Smith Does a Lap Dance for Agri-Business

You can count on our local intrepid newspaper sniffing out the real story behind the news (I said sarcastically).

The Gainesville Sun today ran a story about state Sen. Rod Smith's gubernatorial campaign coffers, which have swelled to about $400,000. The brief article focused on one angle – that Smith's campaign had returned $4,500 from the owner of Café Risque because Smith "wasn't comfortable" with the source.

What the article failed to mention were the many sources of campaign cash with which Smith is comfortable – namely, the powerful special interests that control state government in the name of greed.

Thanks to the St. Pete Times for doing the heavy lifting. Adam Smith (no, not The Adam Smith), the Times political editor, published a cogent examination of Smith's contributors, which he notes are "raising red flags among environmentalists."

Smith had a large haul from agricultural interests, which these days are bent on shaping growth management policies to ensure that farmers can stop farming and sell their land for development of strip malls and gated communities. In fact, as a political entity it is more often called agri-business these days.
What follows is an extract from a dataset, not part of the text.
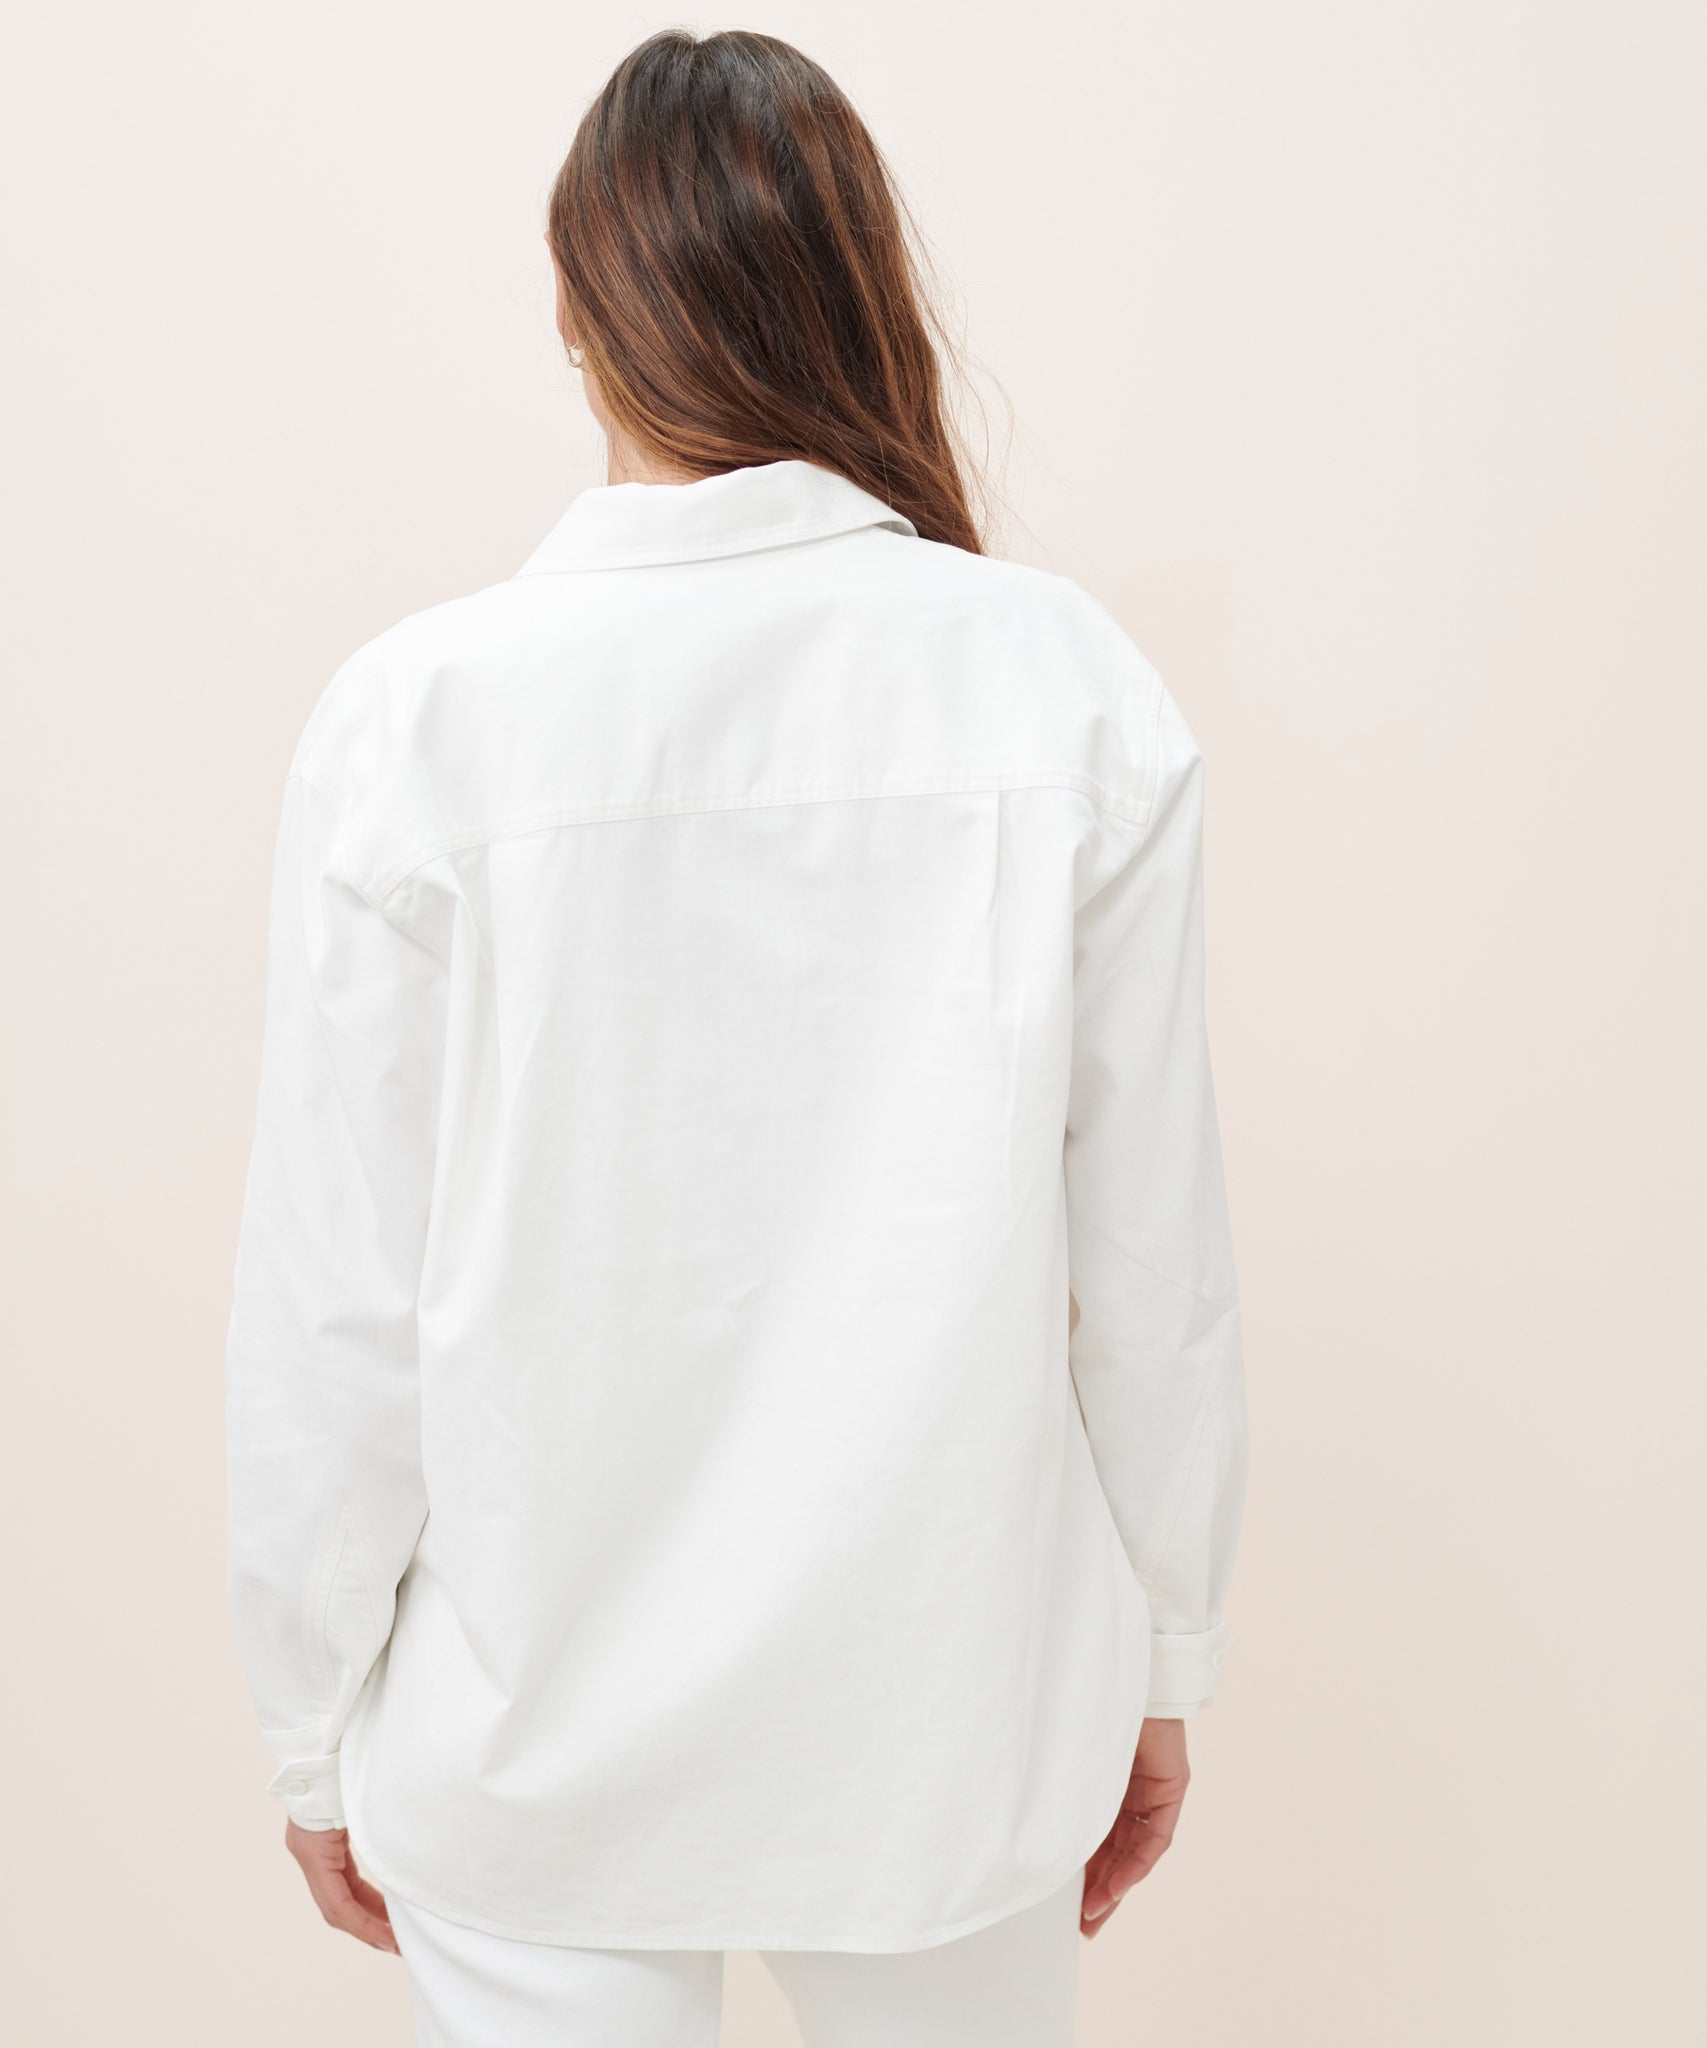 O'Keeffe Shirt – Jenni Kayne

As Mary Barley, president of the Everglades Trust, told the Times: "They don't give money unless they get something in return. I've dealt with sugar for a long time, and they're not giving money for better government."

Although Smith told the paper, "I have a good environmental record," environmental groups who monitor state lawmaking do not agree. In 2004, the Florida League of Conservation Voters said Smith had the second worst environmental voting record of the 40 senators.

As far as I know, there is no group ranking lawmakers on their titty bar voting record, but if there was, you can bet The Sun would have reported on it. That paper never misses a thing (I said sarcastically).